United States Air Force general

Cuthbert Augustus "Bill" Pattillo (June 3, 1924 – February 20, 2014) was a major general in the United States Air Force who served as director of plans and policy for the United States Readiness Command at MacDill Air Force Base. Patillo was well known in the aviation community as a pioneer in jet aerobatic demonstration teams and was highly decorated as a fighter pilot, serving in World War II and the Vietnam War, and was a founding member of the Thunderbirds, the US Air Force Air Demonstration Squadron.

==Personal life==
C.A. "Bill" Pattillo was born in Atlanta on June 3, 1924, along with his identical twin brother Charles C. "Buck" Pattillo, to Joseph W. and Pearl Pattillo.
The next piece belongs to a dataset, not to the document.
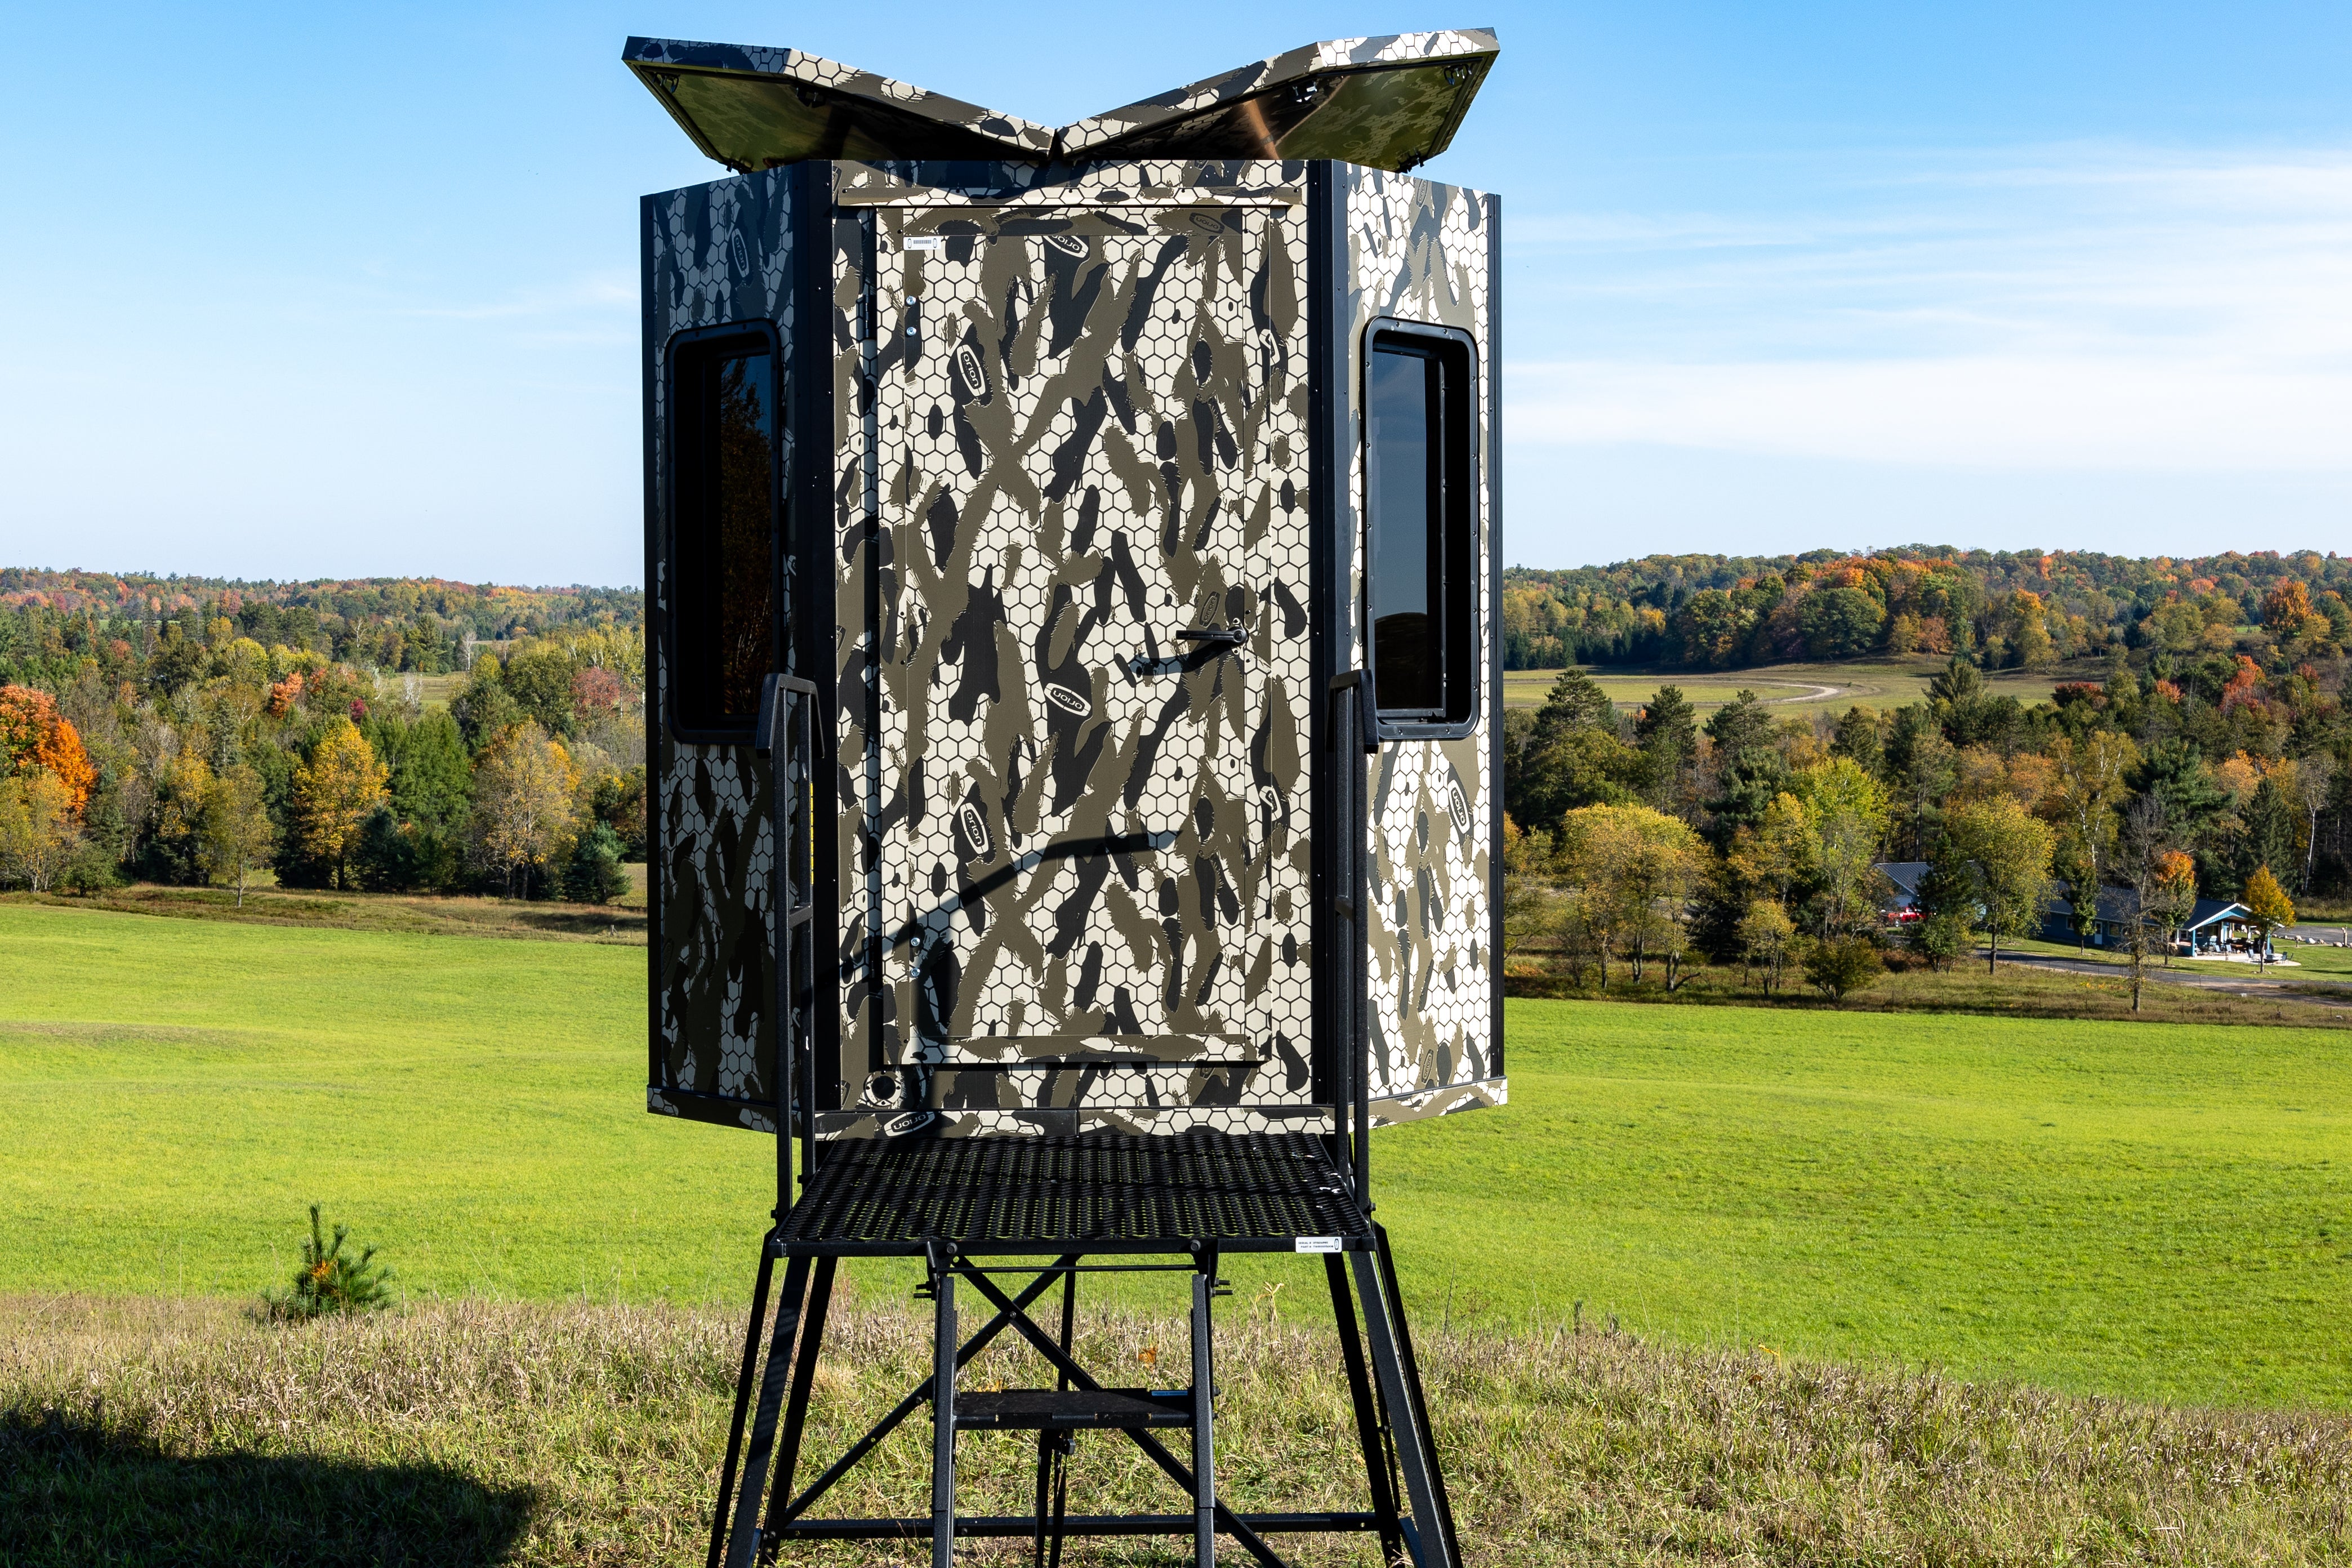 Orion 68T - Modular Deer Hunting Blind with Tinted Windows

He graduated from Atlanta Technical High School in 1942. In 1950, he married his high school sweetheart Joyce Mathews, and together they had four children. He graduated from the University of Colorado Boulder with a bachelor's degree in mathematics in 1962 and George Washington University, with a master's degree in international affairs in 1965. He also graduated from the U.S. Army War College at Carlisle Barracks, Pa., in 1965. Pattillo was promoted to major general September 1, 1972 and he retired September 1, 1980. On February 20, 2014, he died at his home in Harrisonburg, Virginia, at the age of 89.

==Military service==

===World War II===
In November 1942, Pattillo together with his twin brother enlisted in the U.S. Army Air Forces, later completing the aviation cadet program and receiving his pilot wings and commission as a second lieutenant at Marianna, Florida, in March 1944. He and his brother joined the 352nd Fighter Group in December 1944, flying P-51 Mustangs in the European Theater of Operations.
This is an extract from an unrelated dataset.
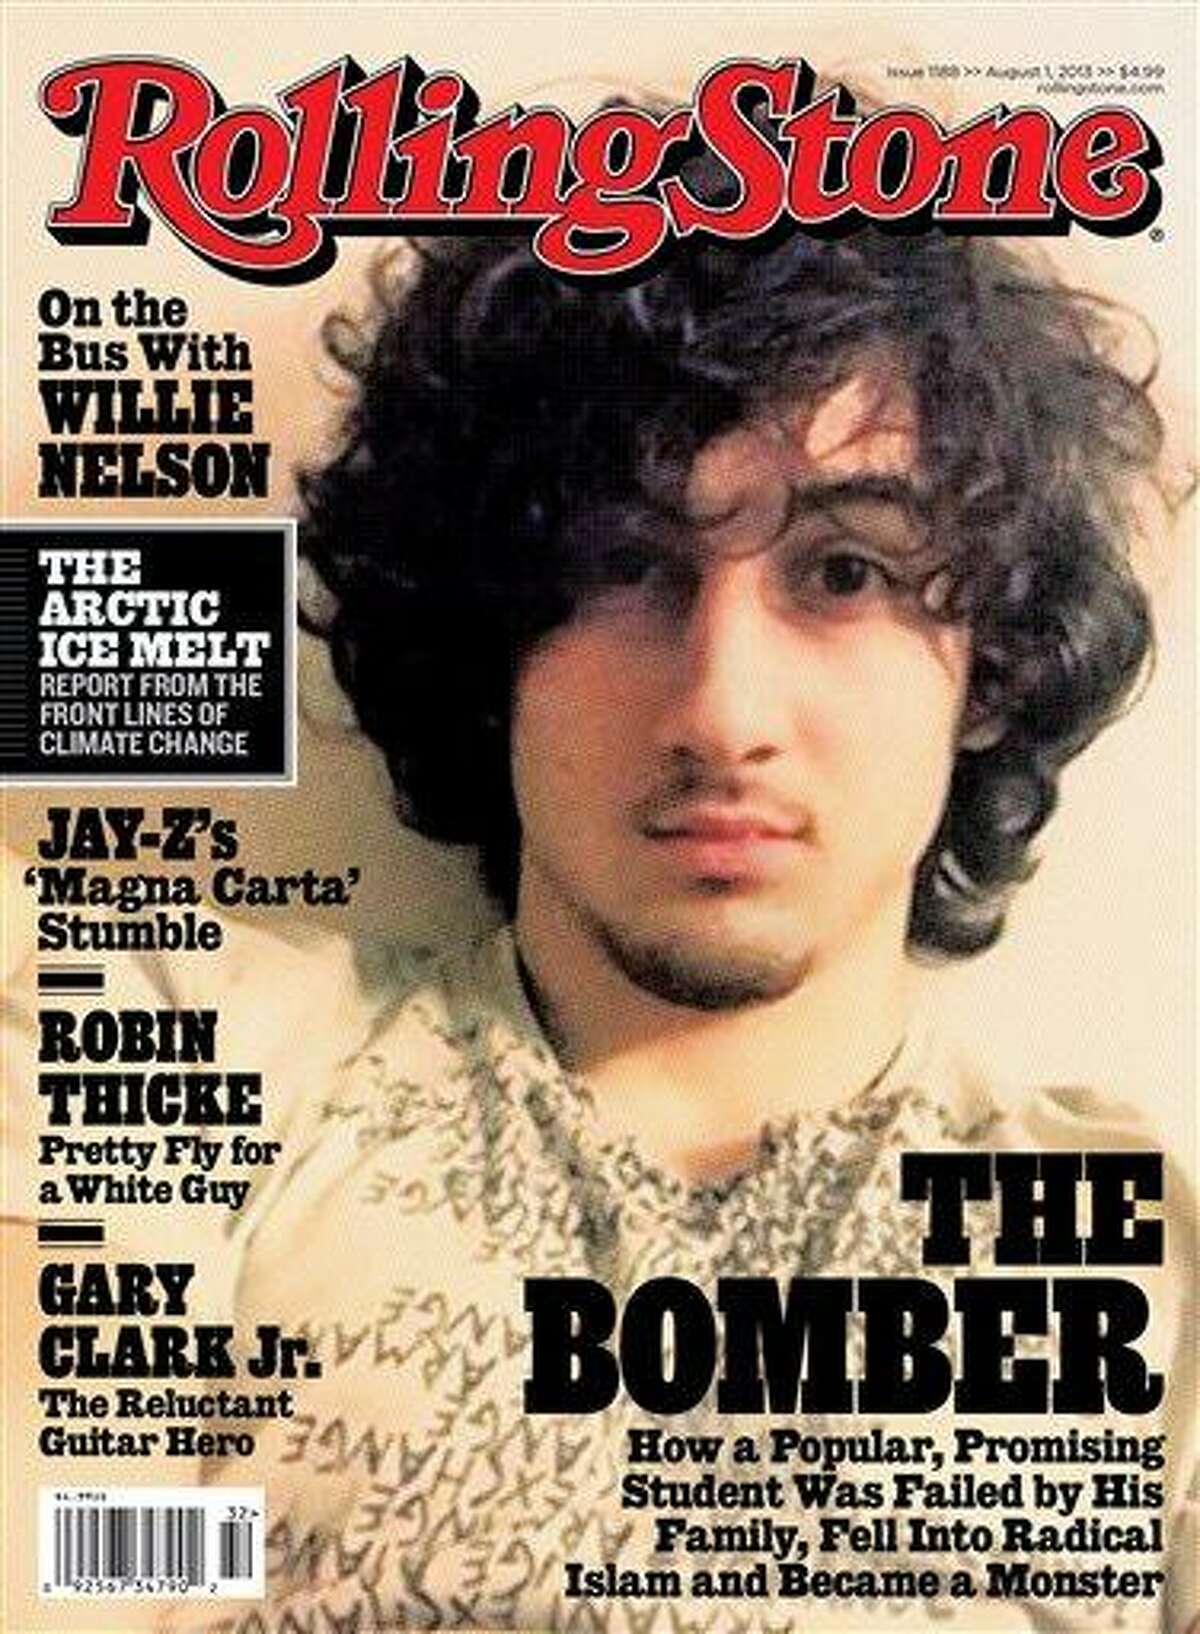 In this magazine cover image released by Wenner Media, Boston Marathon bombing suspect Dzhokhar Tsarnaev appears on the cover of the Aug. 1, 2013 issue of "Rolling Stone." (AP Photo/Wenner Media)

Pattillo flew 135 combat missions in World War II, engaging and shooting down a German Me 262, and destroying six other enemy aircraft. On April 16, 1945, while attacking Ganacker airfield and shortly after destroying two enemy aircraft, his P-51 Sweet and Lovely was shot down by anti-aircraft fire. Pattillo successfully bailed out and was then captured by the Germans and remained a POW until the end of the war.

At the end of World War II, Pattillo left the Army Air Forces to attend the Georgia Institute of Technology. While a student he was commander of an F-47 flight with the 54th Fighter Wing of the Georgia National Guard.

===Post War Service and USAF Thunderbirds===
He was recalled to active duty in March 1948 and assigned as a jet pilot to the 31st Tactical Fighter Wing at Turner Air Force Base, Ga. In January 1949 he was assigned to the 36th Tactical Fighter Wing at Fürstenfeldbruck Air Base, Germany, flying F-80s and F-84s. While in Europe he helped form and flew on the U.S. Air Forces in Europe-North Atlantic Treaty Organization aerial demonstration team, the "Skyblazers".

In October 1952 he was assigned as a fighter gunnery instructor with the 3542nd Flying Training Squadron at Pinecastle Air Force Base, Fla. In March 1953 he went to Luke Air Force Base, Ariz., as a gunnery instructor with his twin brother, now Lieutenant General Charles C. Pattillo, U.S. Air Force, who is vice director of the Joint Deployment Agency which is collocated with the U.S. Readiness Command. Together they were instrumental in forming the Thunderbirds, the first U.S. Air Force official aerial demonstration team. Pattillo flew right wing and his brother flew left wing in the original team in 1953. Pattillo was assigned as commander of the 3603rd Combat, Crew Training Squadron at Luke Air Force Base in June 1954.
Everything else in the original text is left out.